Der Grund hierfür waren den Angaben zufolge die Corona-Einschränkungen. "Die Menschen waren in der Silvesternacht weniger unterwegs als sonst", sagt Vodafone-Technikchef Gerhard Mack. "Weil die meisten von uns den Start ins neue Jahr im ganz kleinen Kreis zu Hause feierten, gab es ein Datenfeuerwerk vor allem im Festnetz." Viele Menschen hätten Filme gestreamt und virtuell per Videocall aus dem heimischen WLAN mit Verwandten und Freunden auf das neue Jahr angestoßen.

Auch im Mobilfunk gab es einen Datenanstieg, der fiel allerdings relativ schwach aus - hier lag das Volumenplus bei Vodafone nur bei 28 Prozent, nachdem es in den Vorjahren stets mehr als 40 Prozent waren. Das lag aus Sicht von Vodafone daran, dass nur wenige Menschen zum Jahreswechsel draußen waren und die meisten Menschen zu Hause per W-Lan mit dem Festnetz-Internet verbunden waren.

Warum fiel der Mobilfunk-Anstieg dennoch zweistellig aus? Vodafone begründet das damit, dass zum einen die Anwendungen datenintensiver geworden seien. Zum anderen surften viele Menschen auch daheim über eine Mobilfunk-Verbindung im Internet, dies vor allem auf dem Land.

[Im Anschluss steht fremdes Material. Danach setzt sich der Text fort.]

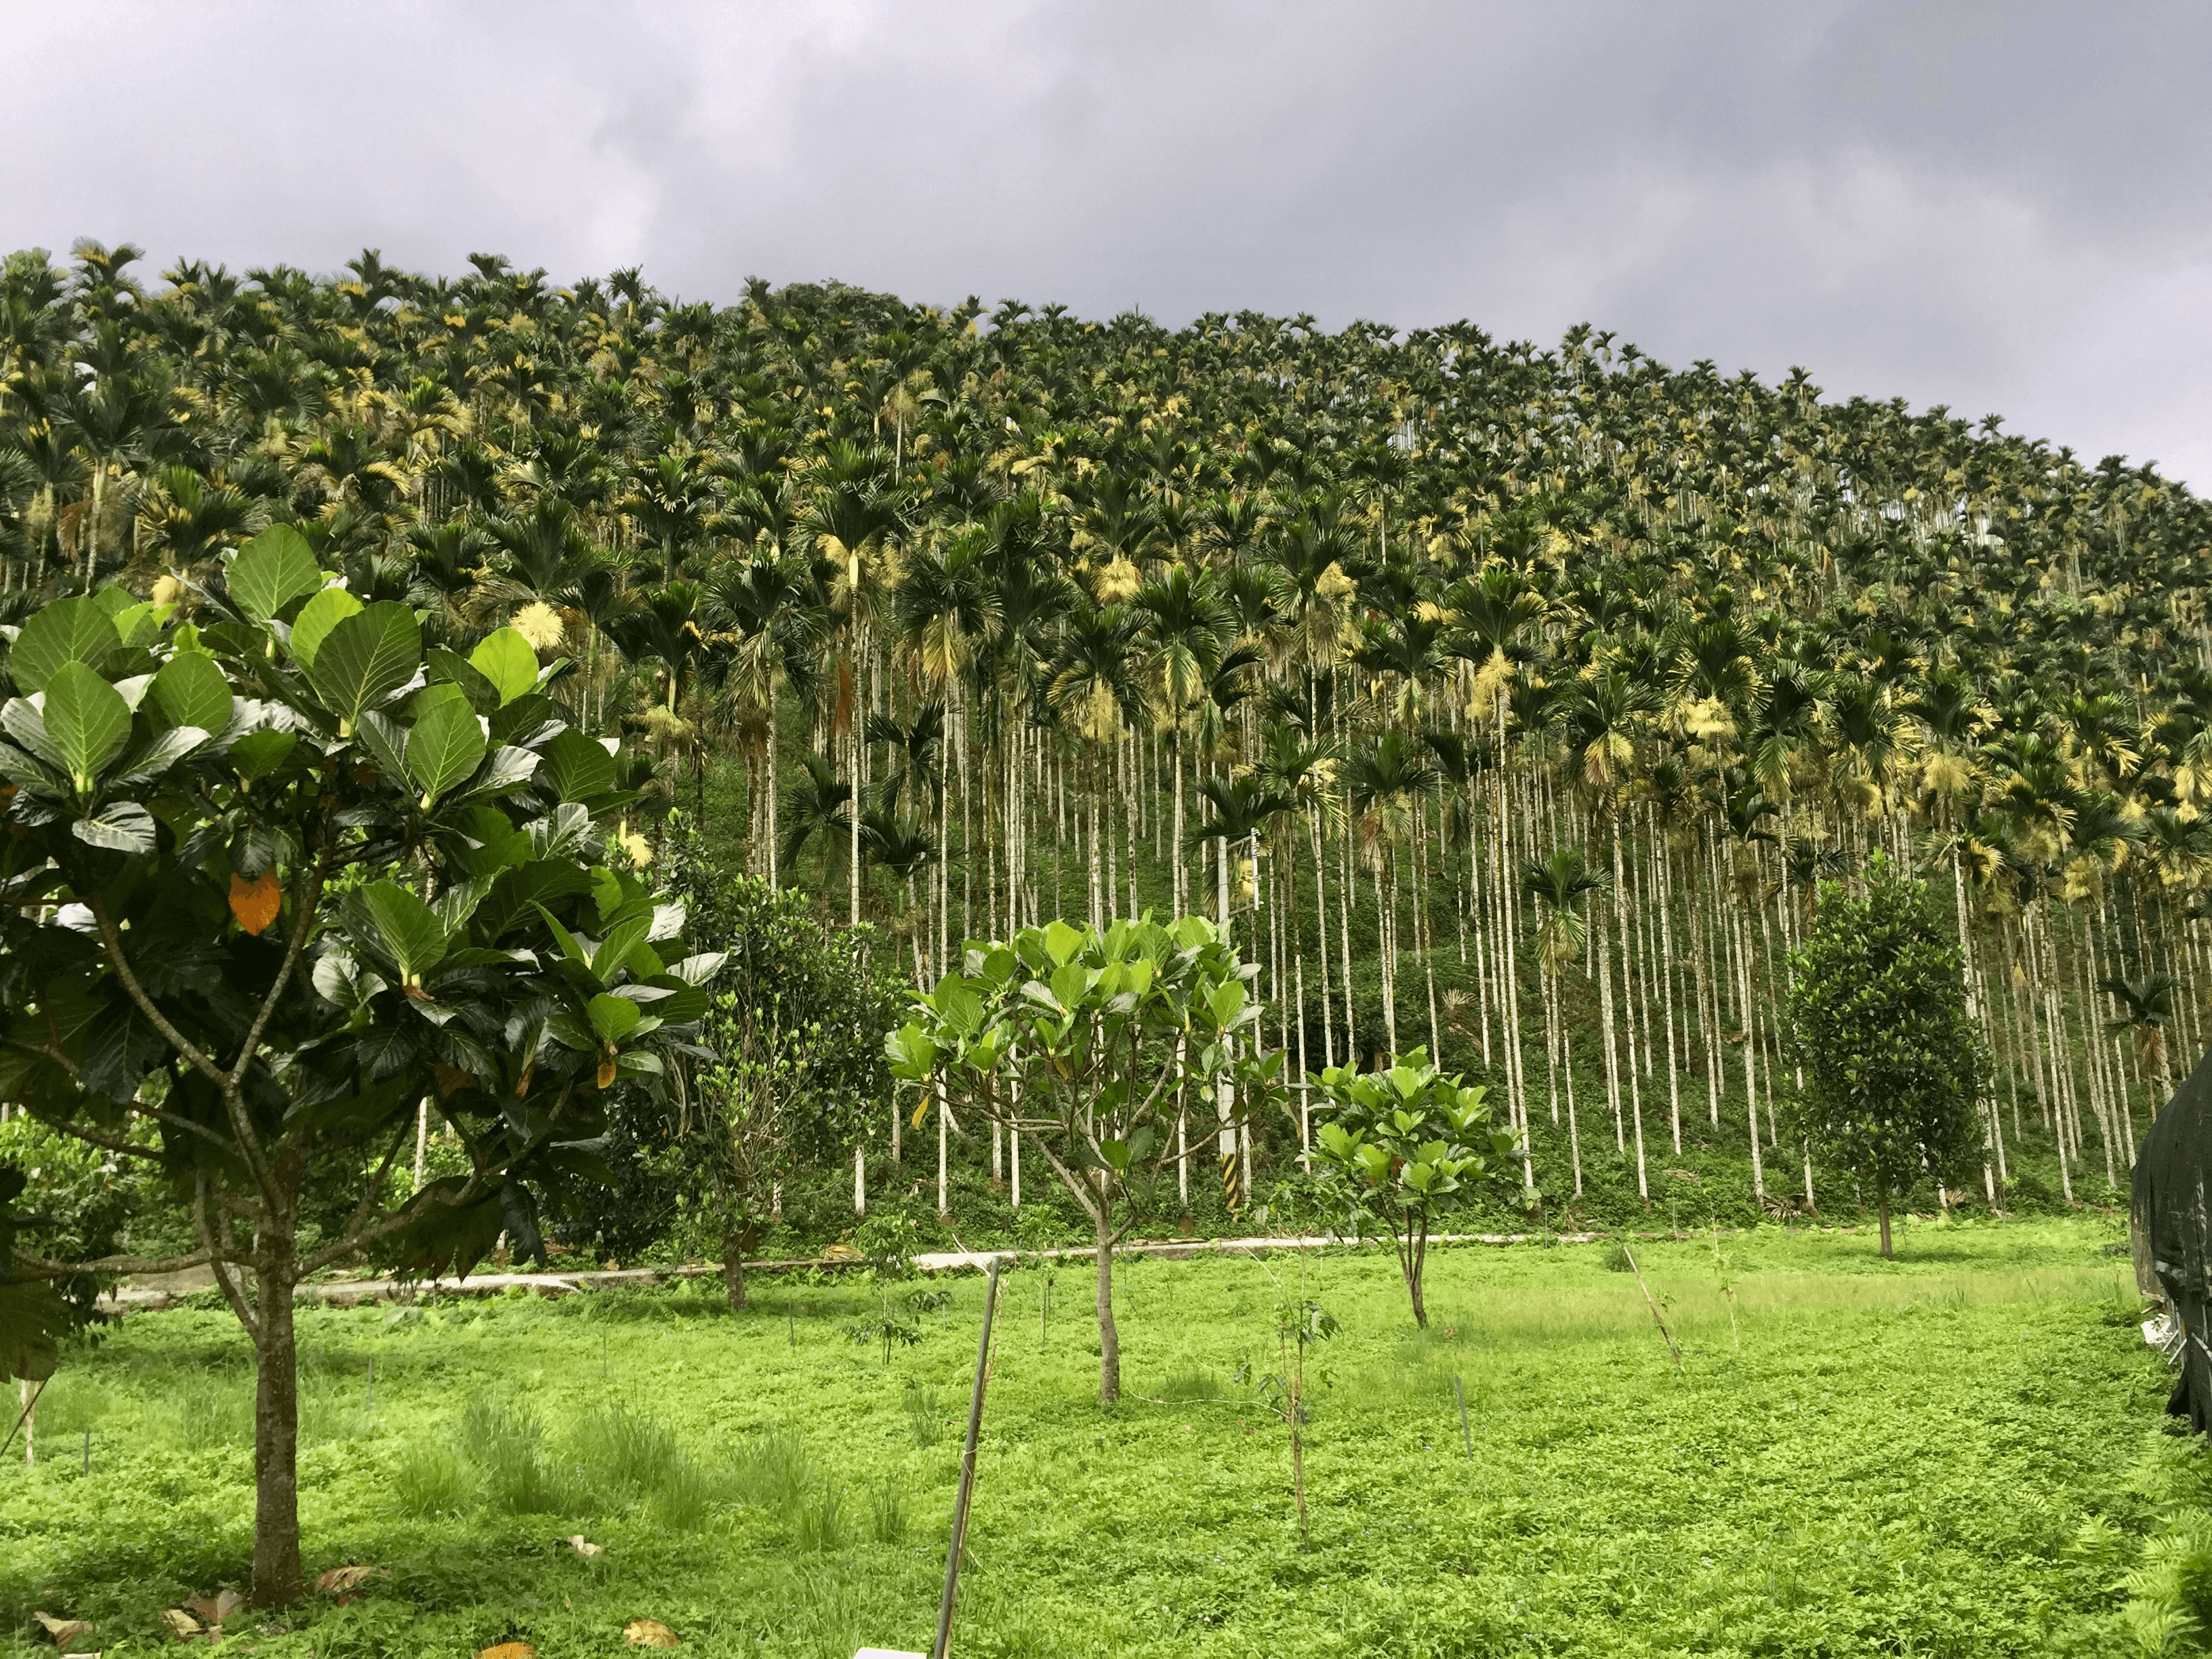 Betel nut trees in Yuchih

Die Zahl der Mobilfunk-Telefonate blieb bei der Deutschland-Tochter eines britischen Konzerns in der ersten Stunde des neuen Jahres mit neun Millionen Anrufen gleich hoch wie im Vorjahr. Die Zahl der Video-Calls, die zu steigendem Festnetz-Datenvolumen geführt haben, ist nach Lesart von Vodafone hingegen deutlich gestiegen.

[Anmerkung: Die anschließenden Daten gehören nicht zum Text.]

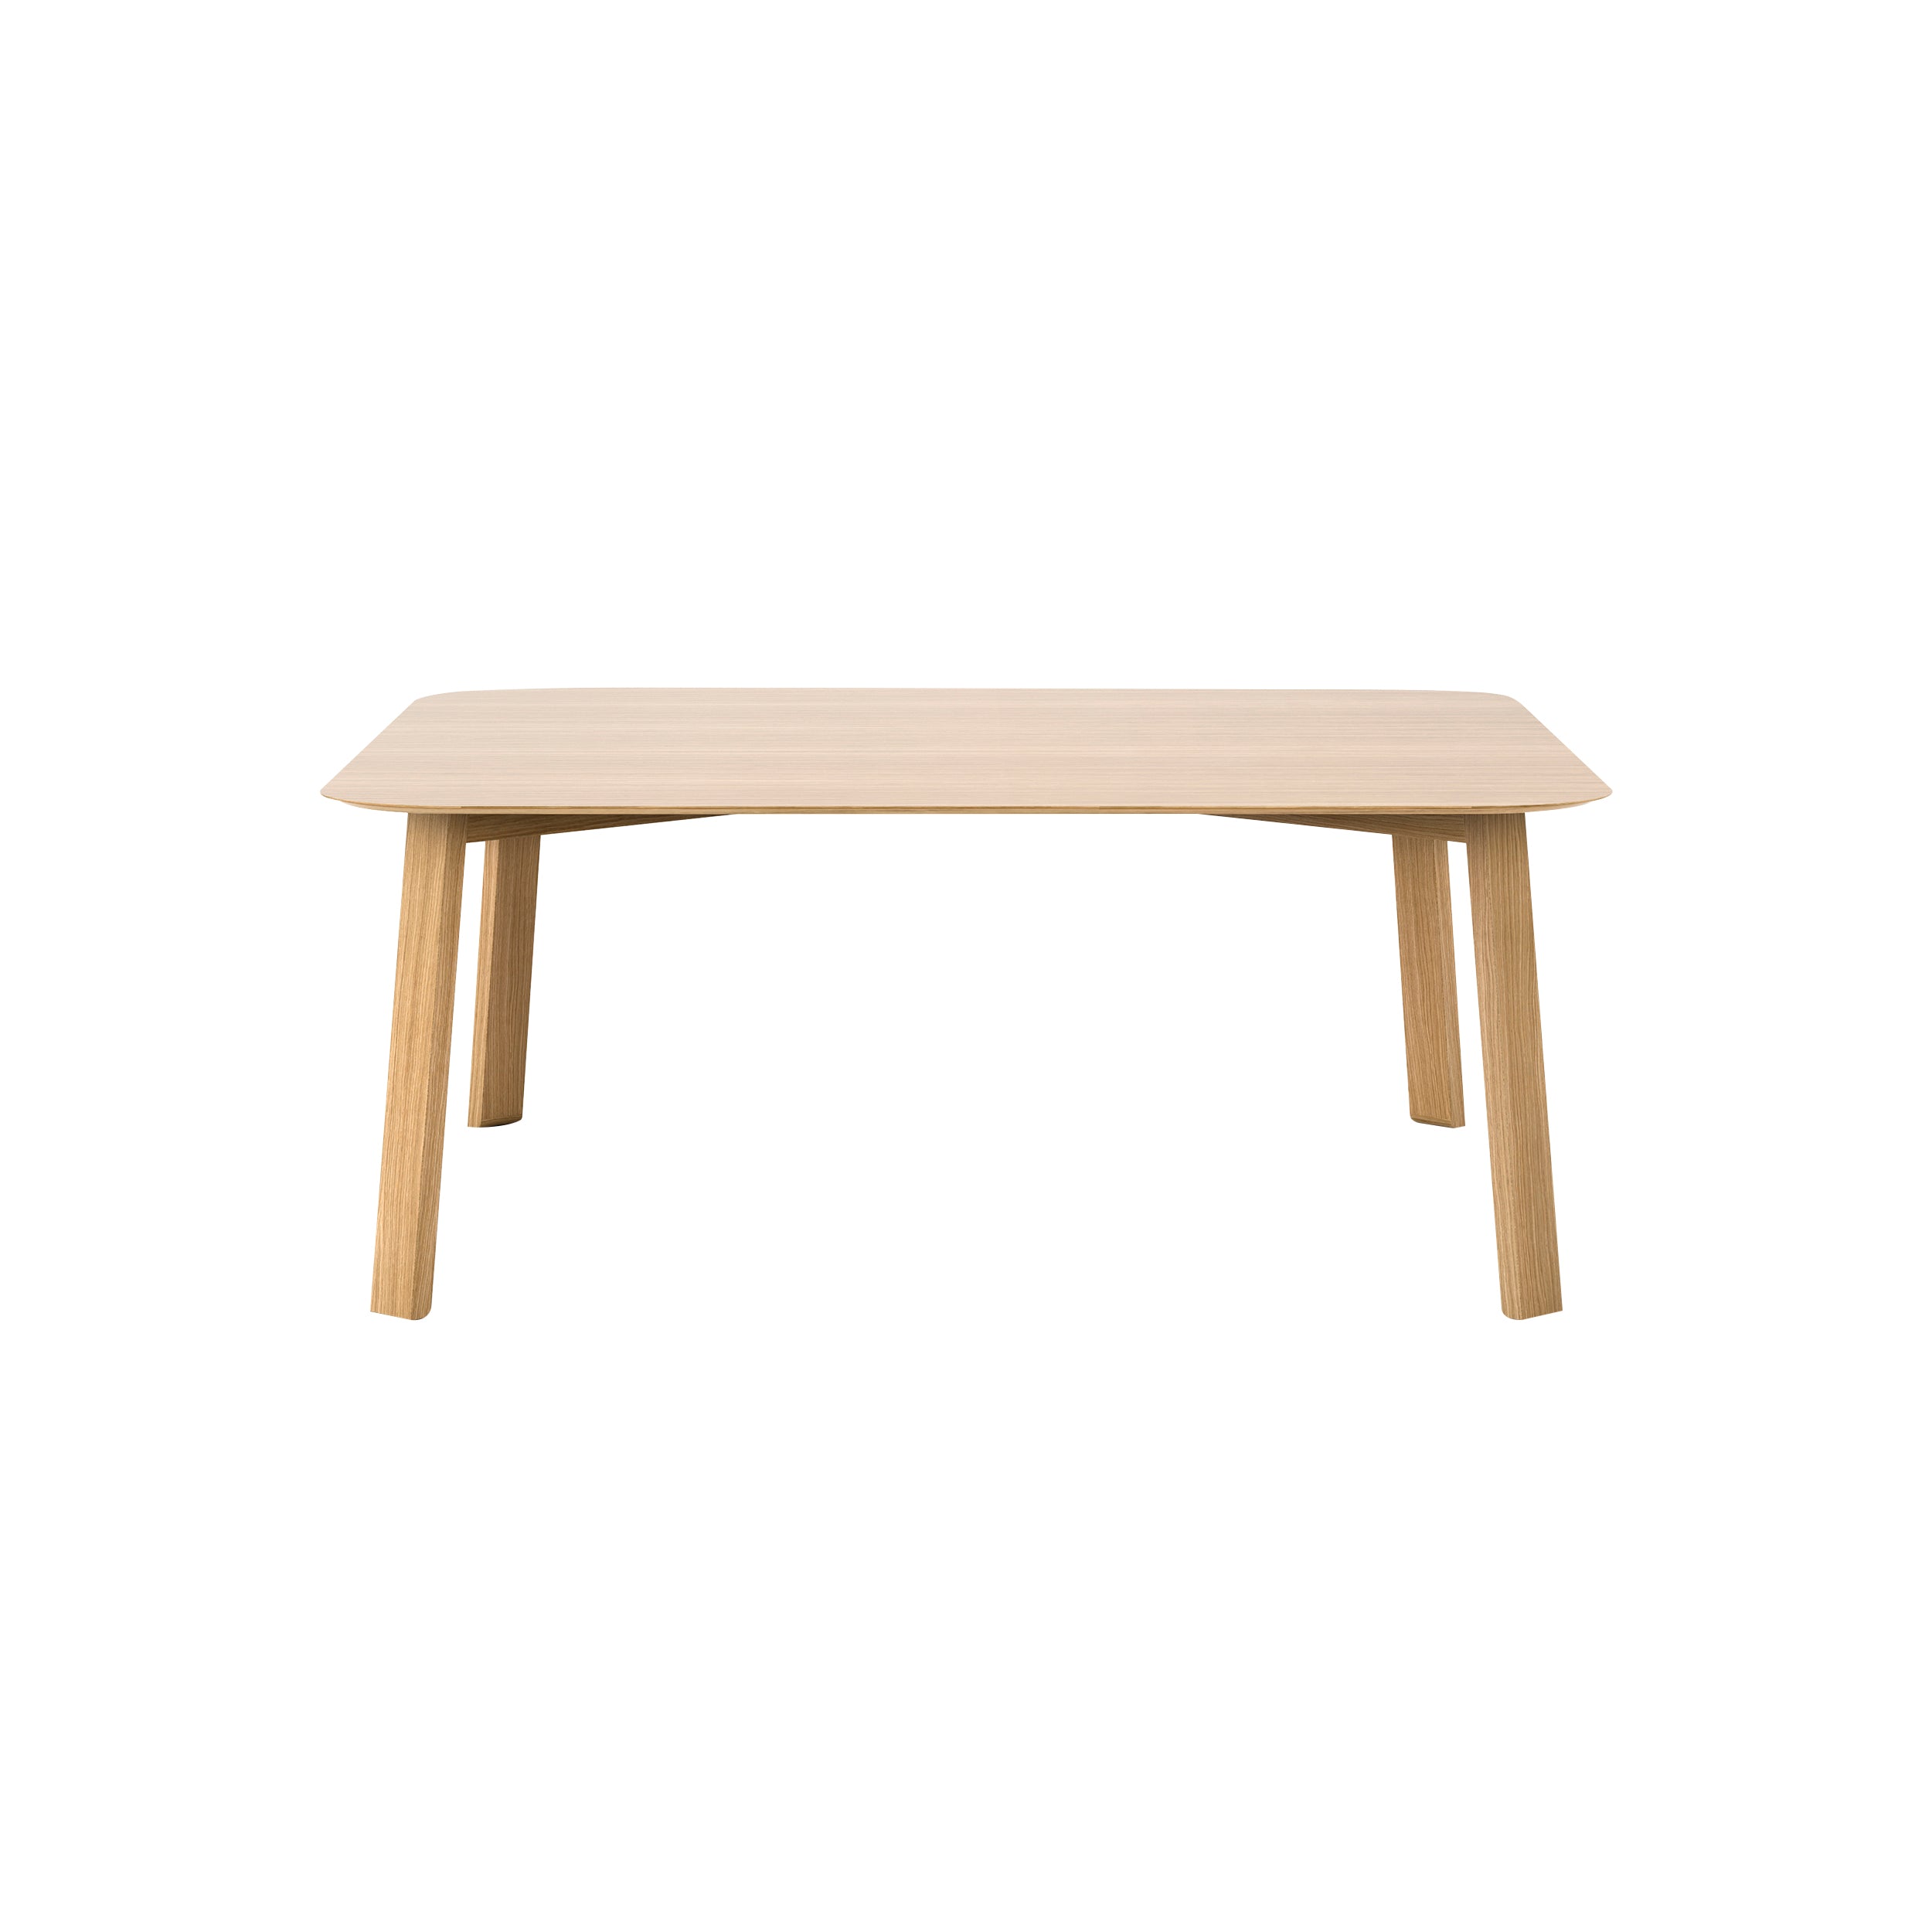 Stockholm Side Table: Square + Whitened Oak

Vodafone gehört mit Telefónica (O2) und der Deutschen Telekom zu den drei deutschen Mobilfunk-Netzbetreibern. Telefónica teilt mit, dass auch bei ihnen der Anstieg der Datennutzung im Mobilfunknetz aufgrund der Corona-Beschränkungen moderater ausgefallen sei als noch in den Vorjahren. "Dies führen wir vor allem darauf zurück, dass aufgrund weniger ausgelassener Silvester-Feierlichkeiten auch weniger soziale Medien von unterwegs genutzt wurden, etwa für Up- und Download von Bildern und Videos der Silvester-Feiern", sagt ein Sprecher. Auffällig sei, dass es in der ersten Stunde des neuen Jahres zwar weniger Anrufe im O2-Mobilfunknetz gegeben habe, diese seien aber länger gewesen. Absolute Zahlen nannte der Sprecher nicht.